--- STORED DATA ---
○ ○ ○ ○ ○
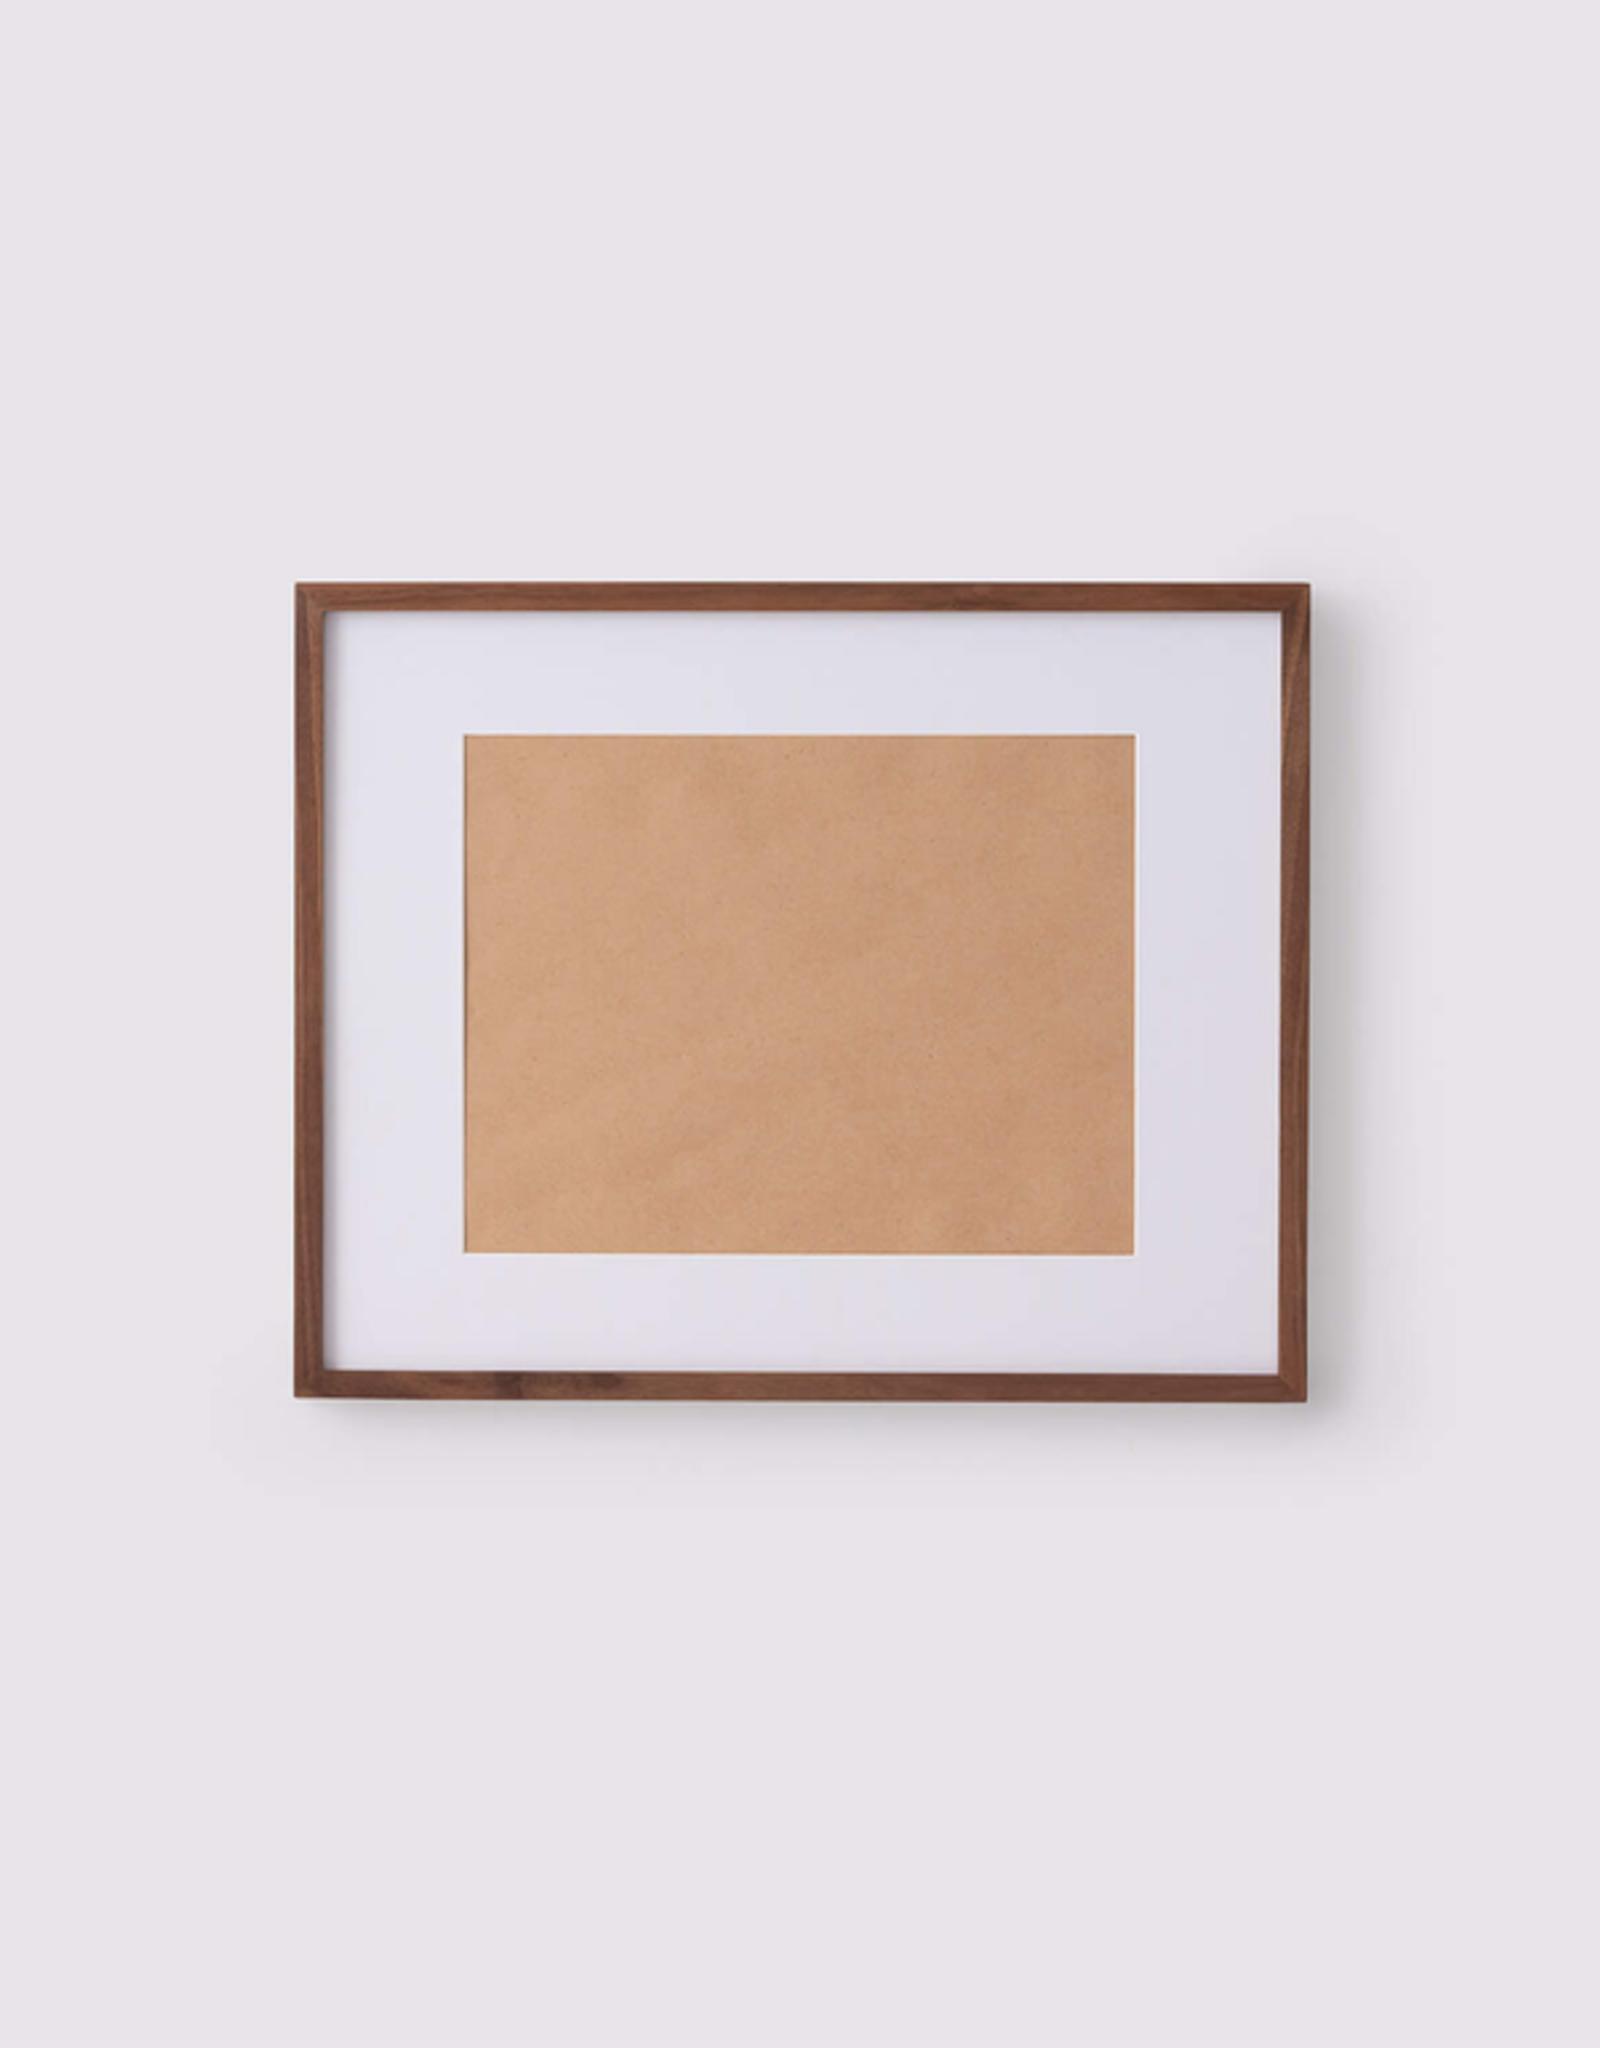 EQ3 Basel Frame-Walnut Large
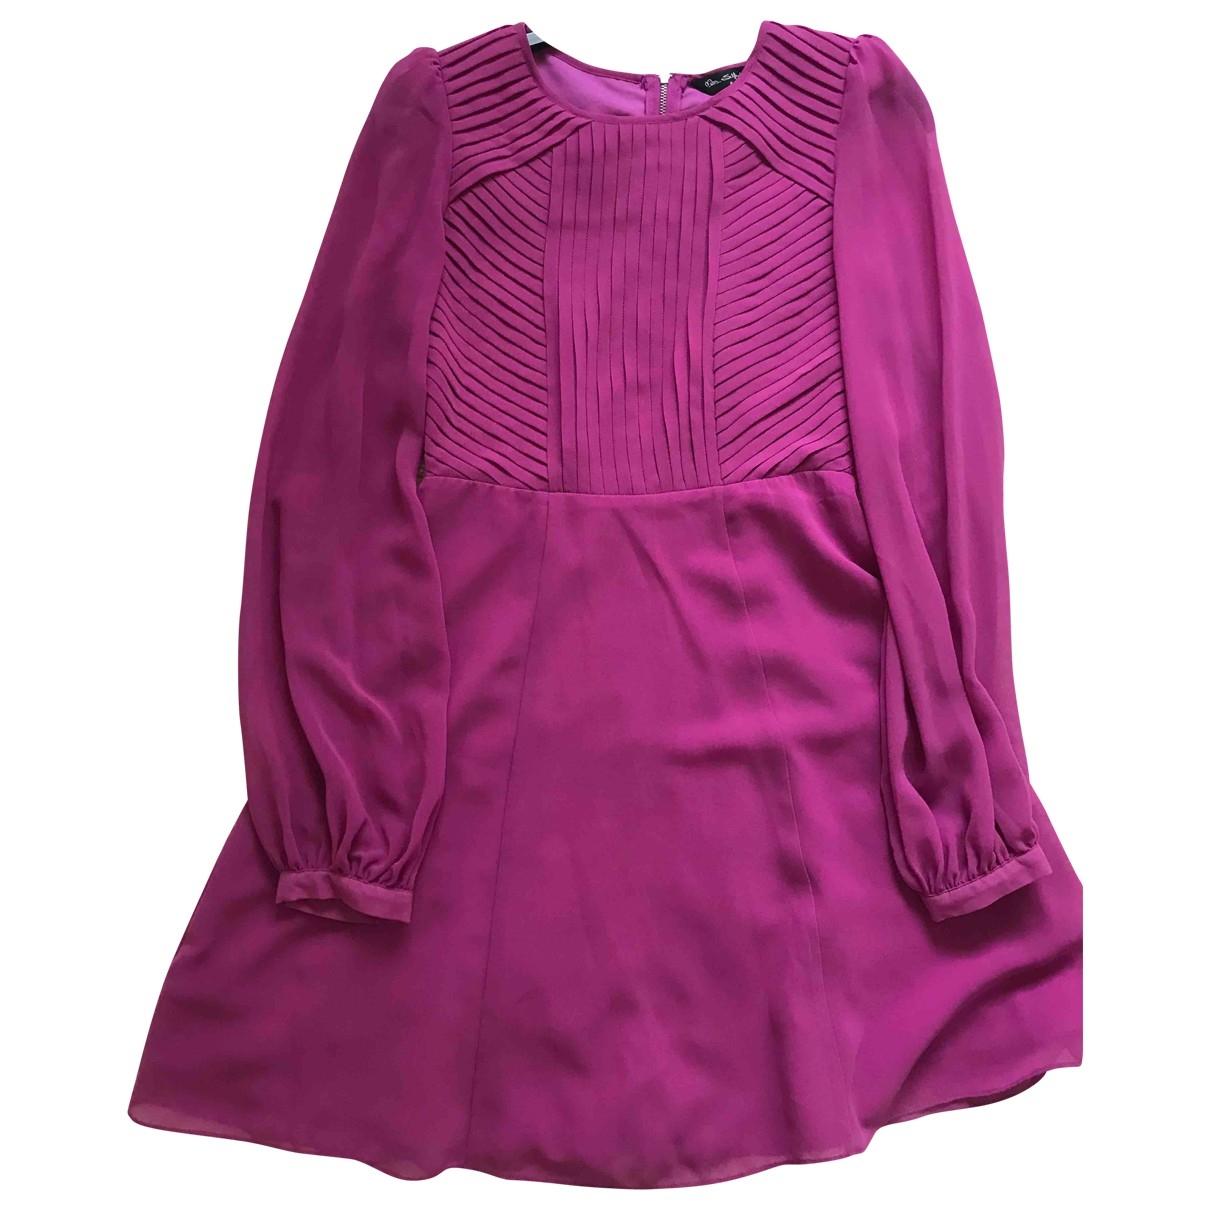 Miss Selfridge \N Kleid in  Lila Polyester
○ ○ ○ ○ ○
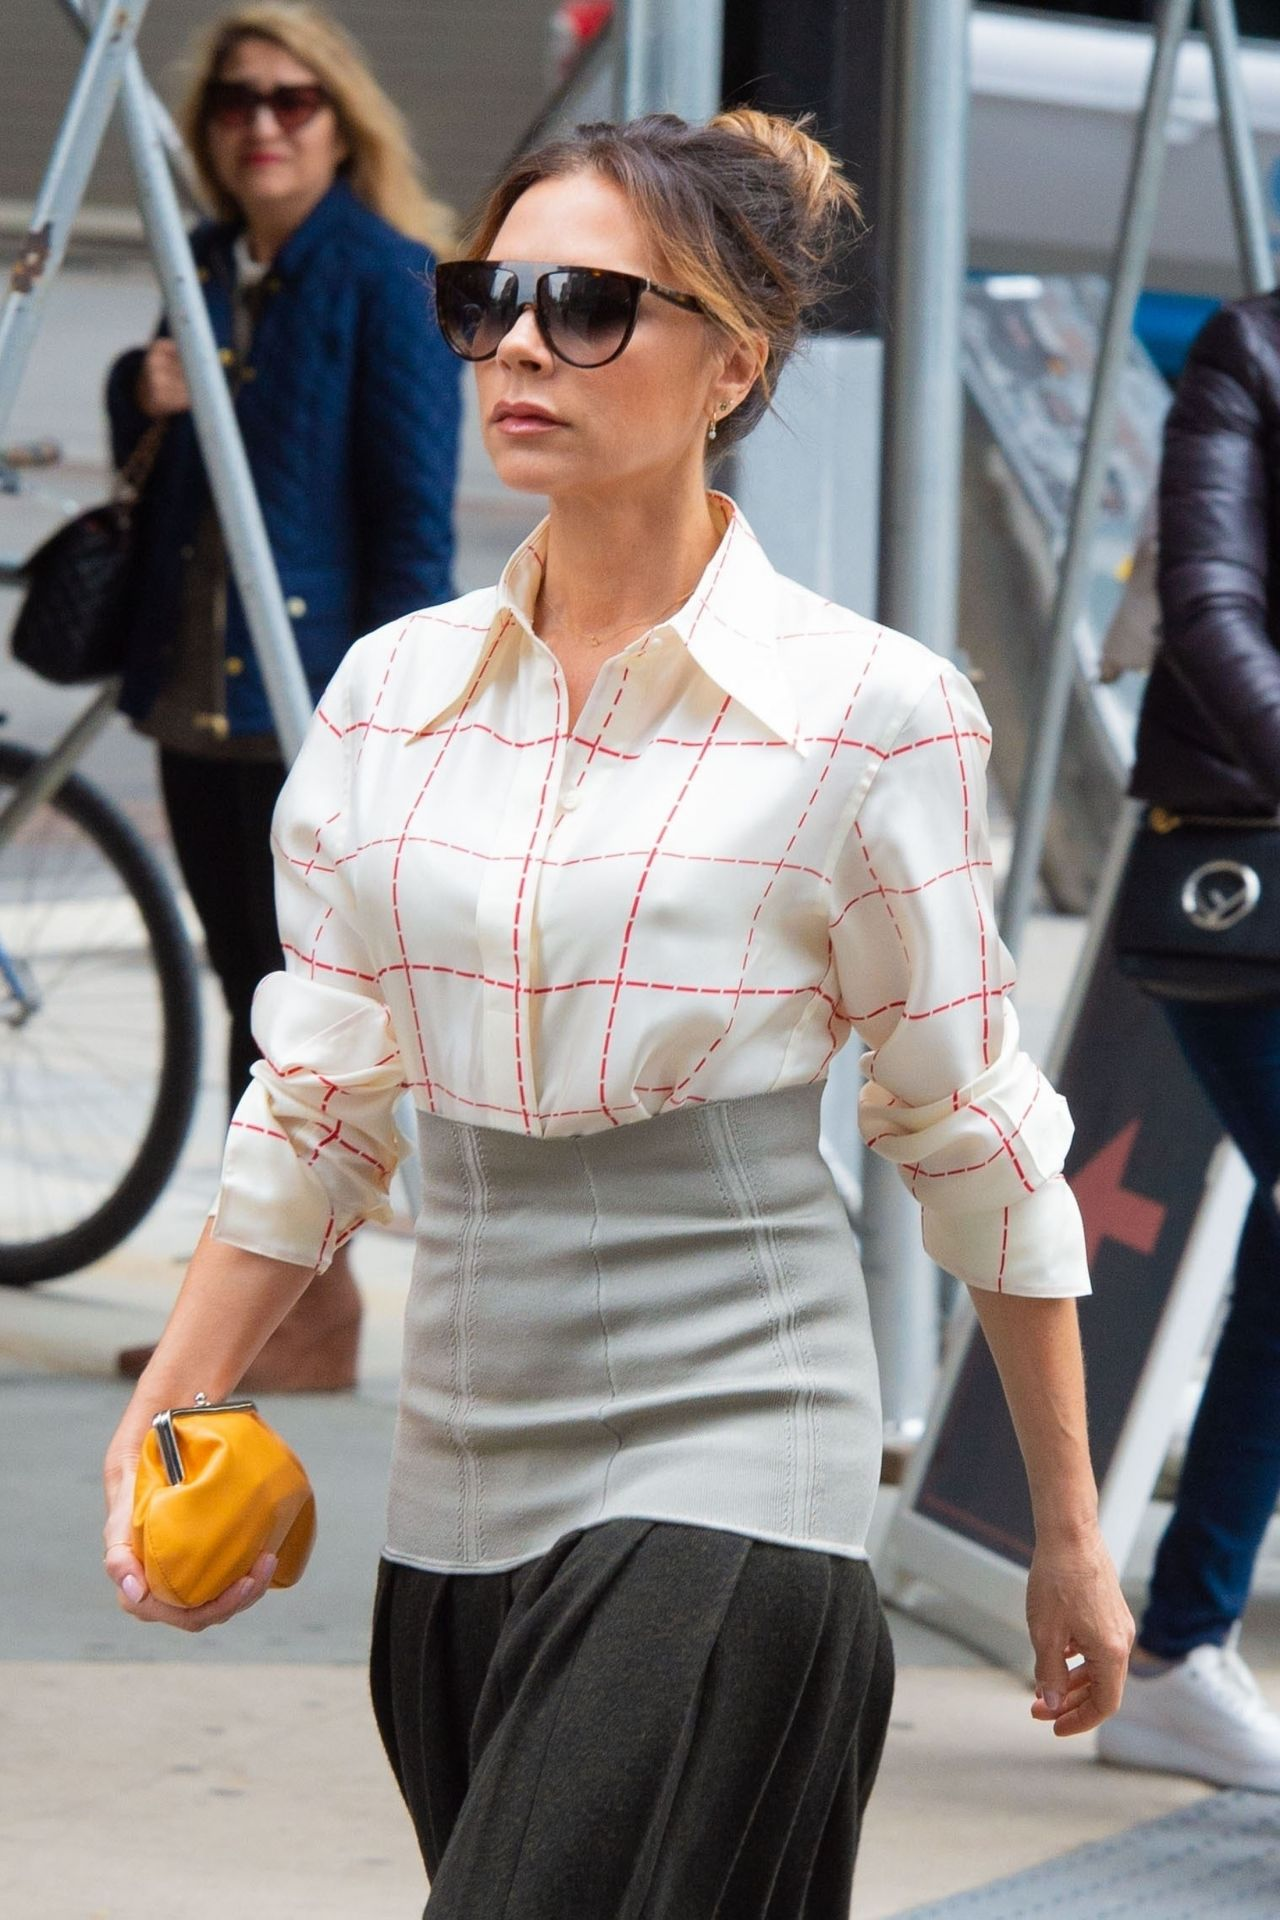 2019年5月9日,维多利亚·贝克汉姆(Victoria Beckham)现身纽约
○ ○ ○ ○ ○
--- EXERCISE ---
What you return must match the lines above from the one with "EQ3 Basel Frame-Walnut Large" through the one with "Miss Selfridge \N" exactly, with both ends included and the pictures excluded.

--- ANSWER TO THIS EXERCISE ---
 EQ3 Basel Frame-Walnut Large
 Miss Selfridge \N Kleid in  Lila Polyester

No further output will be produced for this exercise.